Picture special: an unorthodox view of Stamford Hill


The strictly Orthodox community of London’s Stamford Hill generally prefers to guard its privacy. But now a unique window into this thriving society has been opened by a gifted photographer — and the internet.

Over the past few months, hundreds of David Braun’s pictures have appeared on the photo-sharing website Flickr. He has been able to gain unique access to the community because he lives there, the scion of a Satmar Chasidic family and one of eight siblings.

Initially, he posted a few images which, encouraged by the feedback from other photographers, has grown into a steady stream.

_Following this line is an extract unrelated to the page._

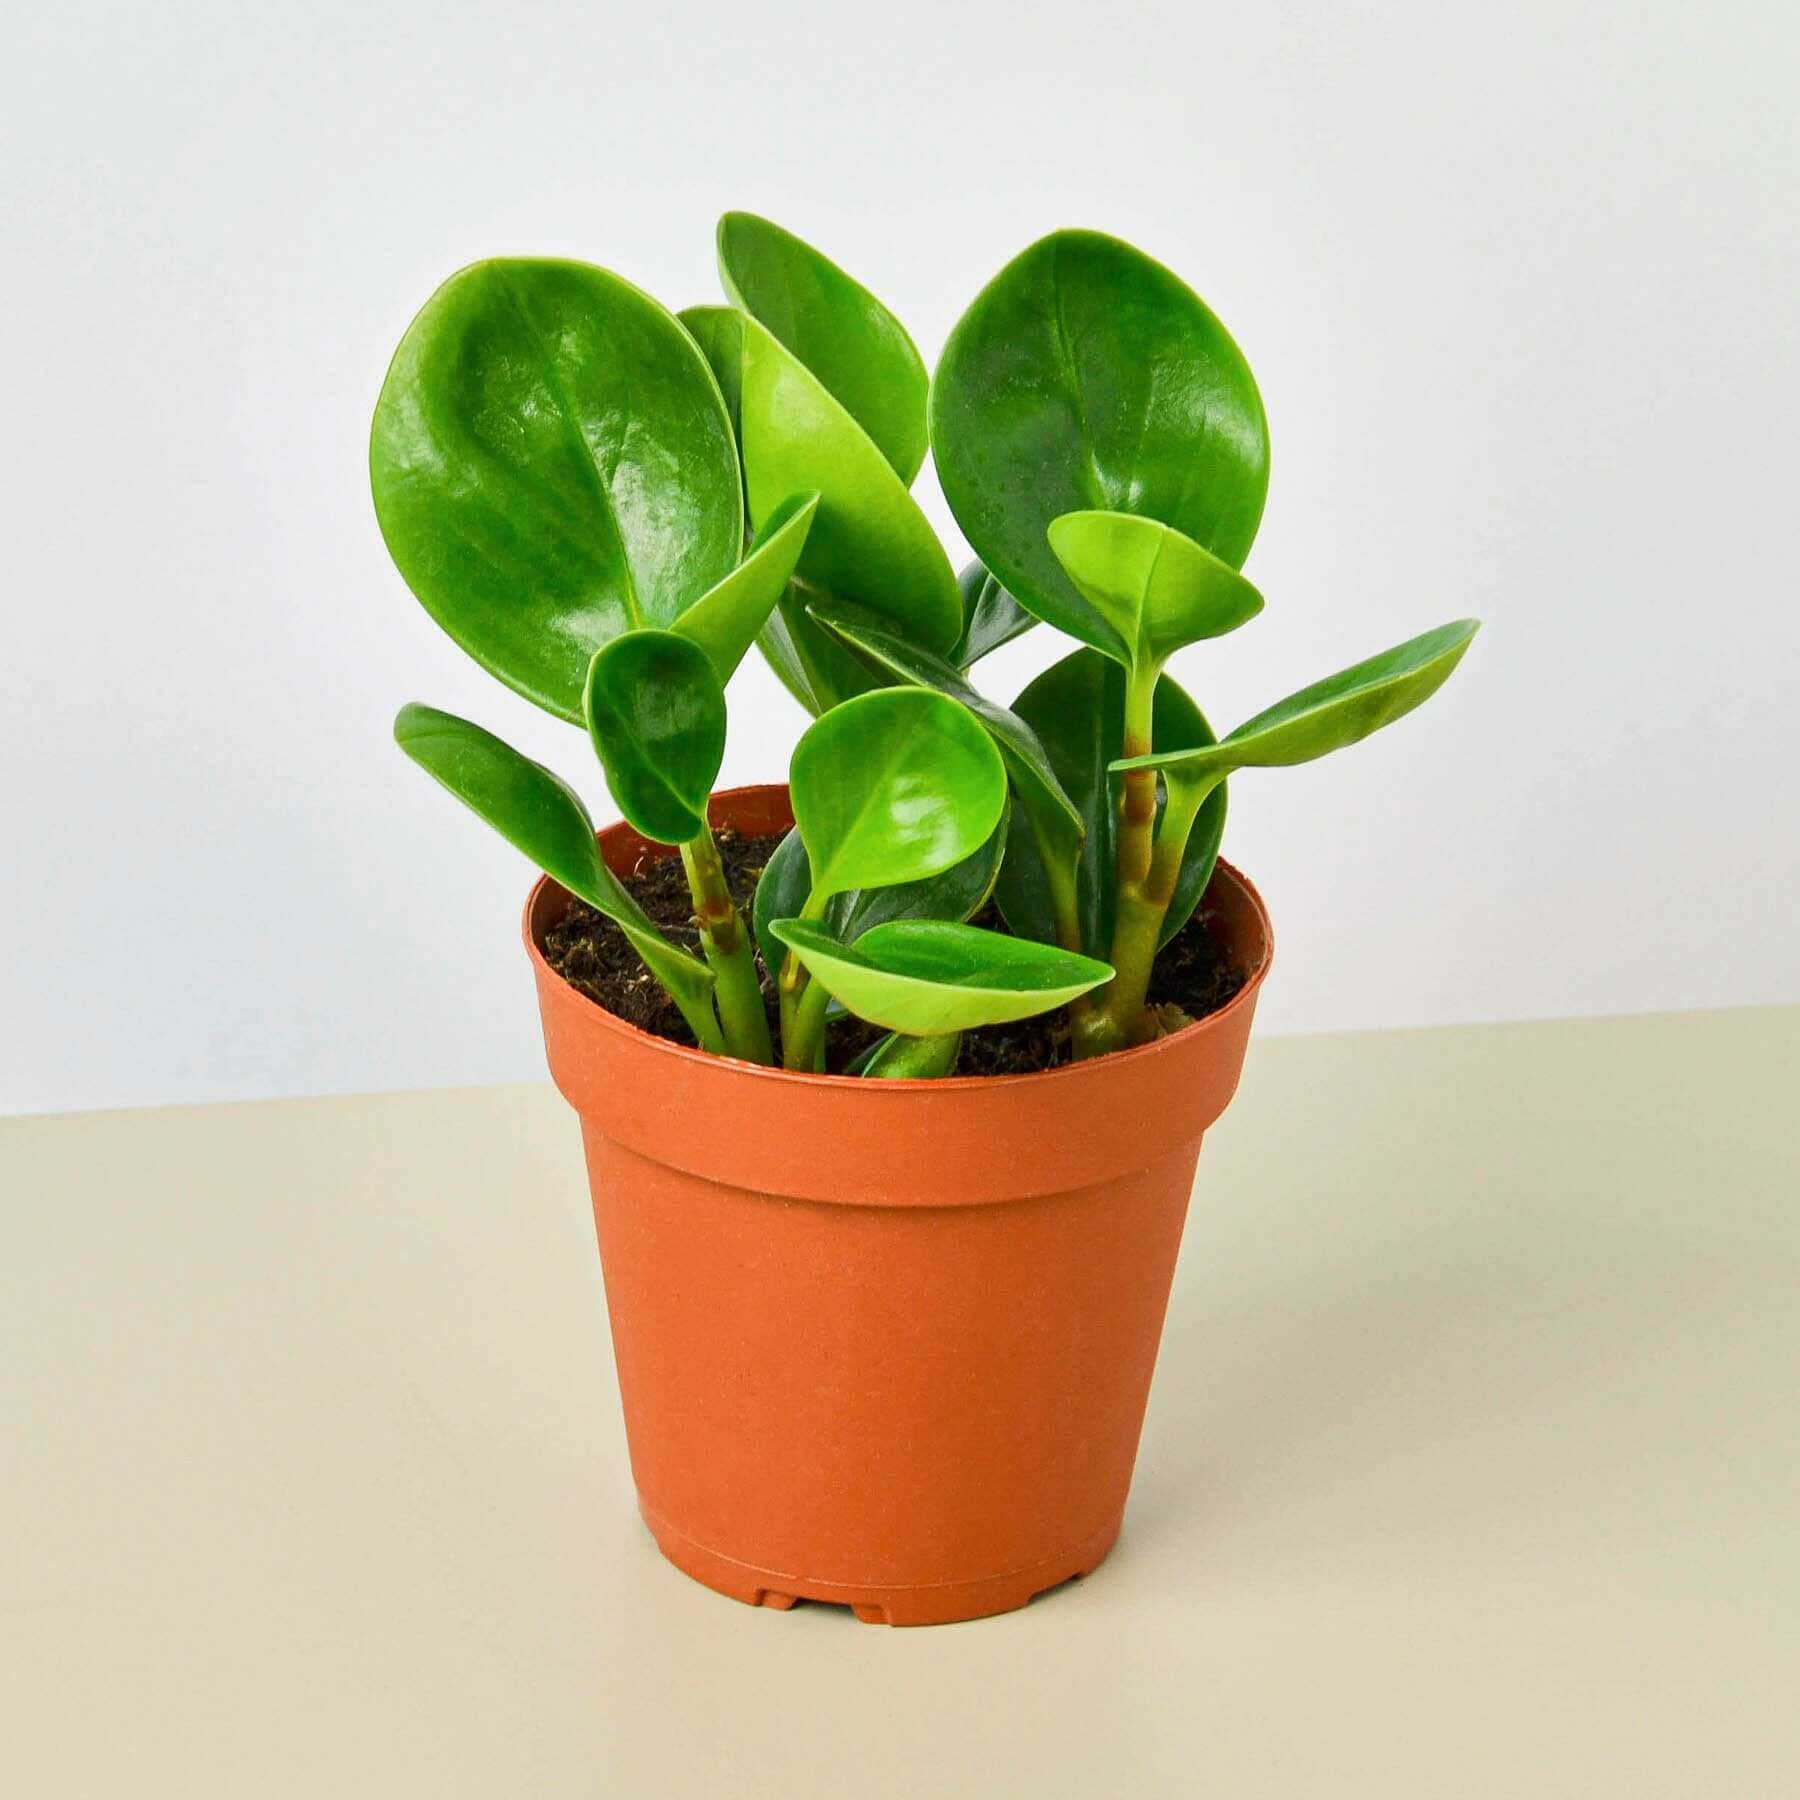 Peperomia Obtusifolia | Modern house plants that clean the air

Gradually, news of his work reached his own community and now his Flickr site can notch up thousands of hits in a day — an indication of how the internet, despite rabbinical reservations, is penetrating the Charedi world.

“It’s gone beyond my wildest dreams how it escalated,” he said. “It’s something private that became public.

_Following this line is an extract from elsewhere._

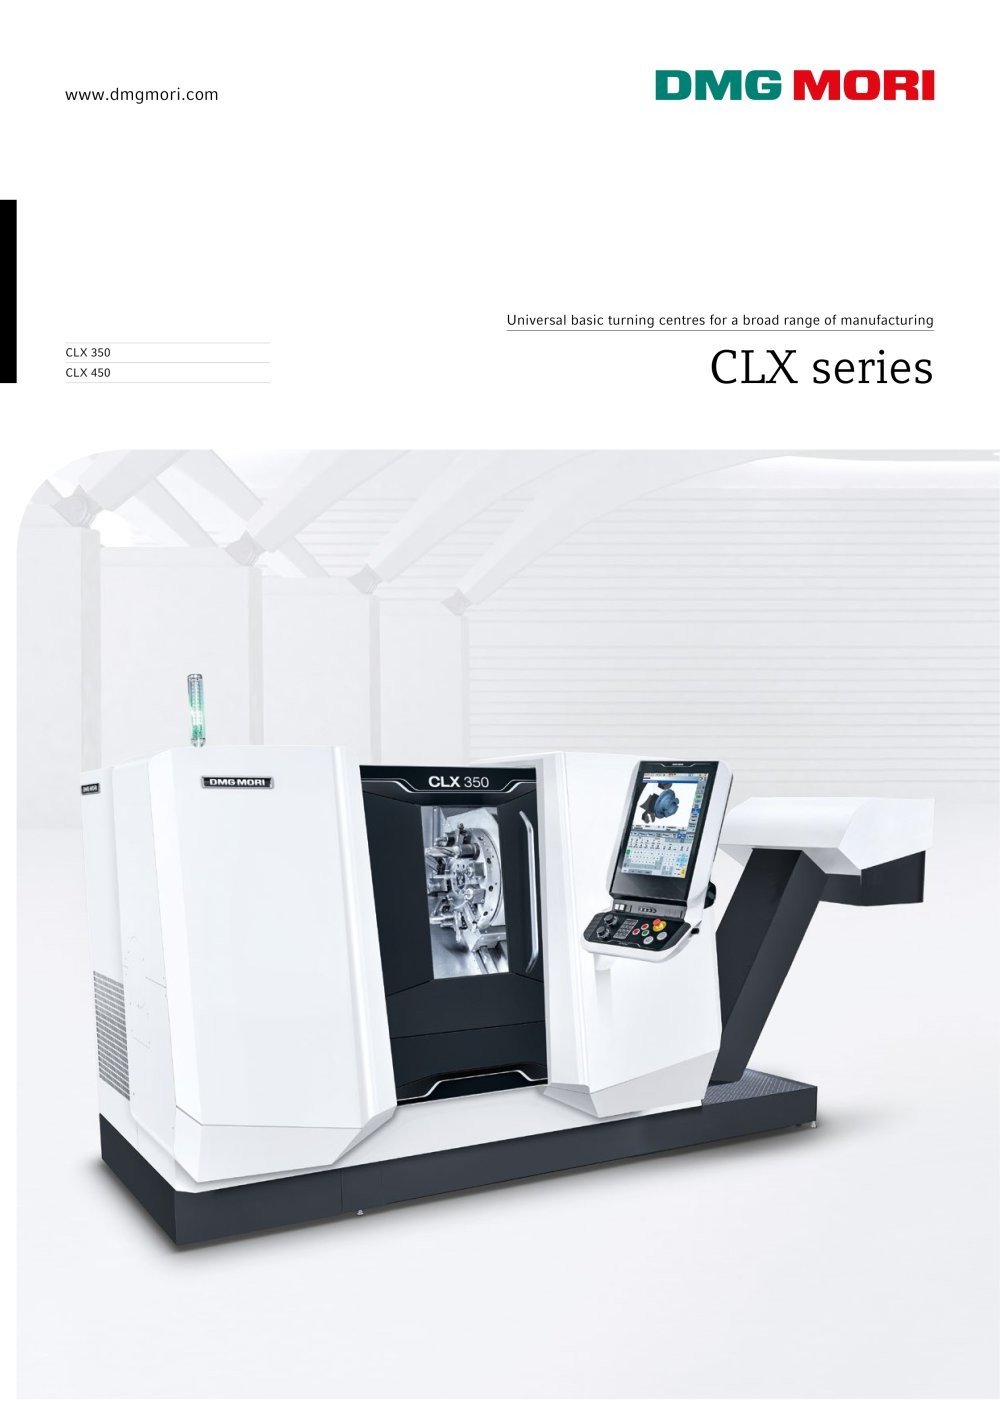 CLX SERIES DMG MORI PDF Catalogue Technical Documentation Pages Dmg

“I prefer to have the natural pose. Ninety nine per cent were not aware the picture was taken. Now they are a lot more aware but they don’t mind. I thought there’d be a huge backlash against me but there isn’t.”

Now 38, Mr Braun, whose father, Marton, is a serious art collector, was keen on photography in his teens. “I had my developing unit at home. One day everything was stolen and I forgot photography for many, many years,” he said.

What helped him back was his mother, Gitl, who graduated from art school three years ago at the age of 56 and who became interested in photography herself. “She kept discussing what she was studying,” he said. “A year ago, I suddenly picked up a camera. It was almost as if time hadn’t passed by and I started clicking again.”

Shooting mostly in black and white, he counts among his influences, Roman Vishniac, the photographer of pre-war Orthodoxy in Eastern Europe.

But whereas Vishniac’s work became a homage to a “vanished world” — as his postwar book was titled — Braun’s photographs are a reflection of the most rapidly expanding part of modern Jewry. His ability to overcome its habitual shyness he sums up in a single word: “tact”.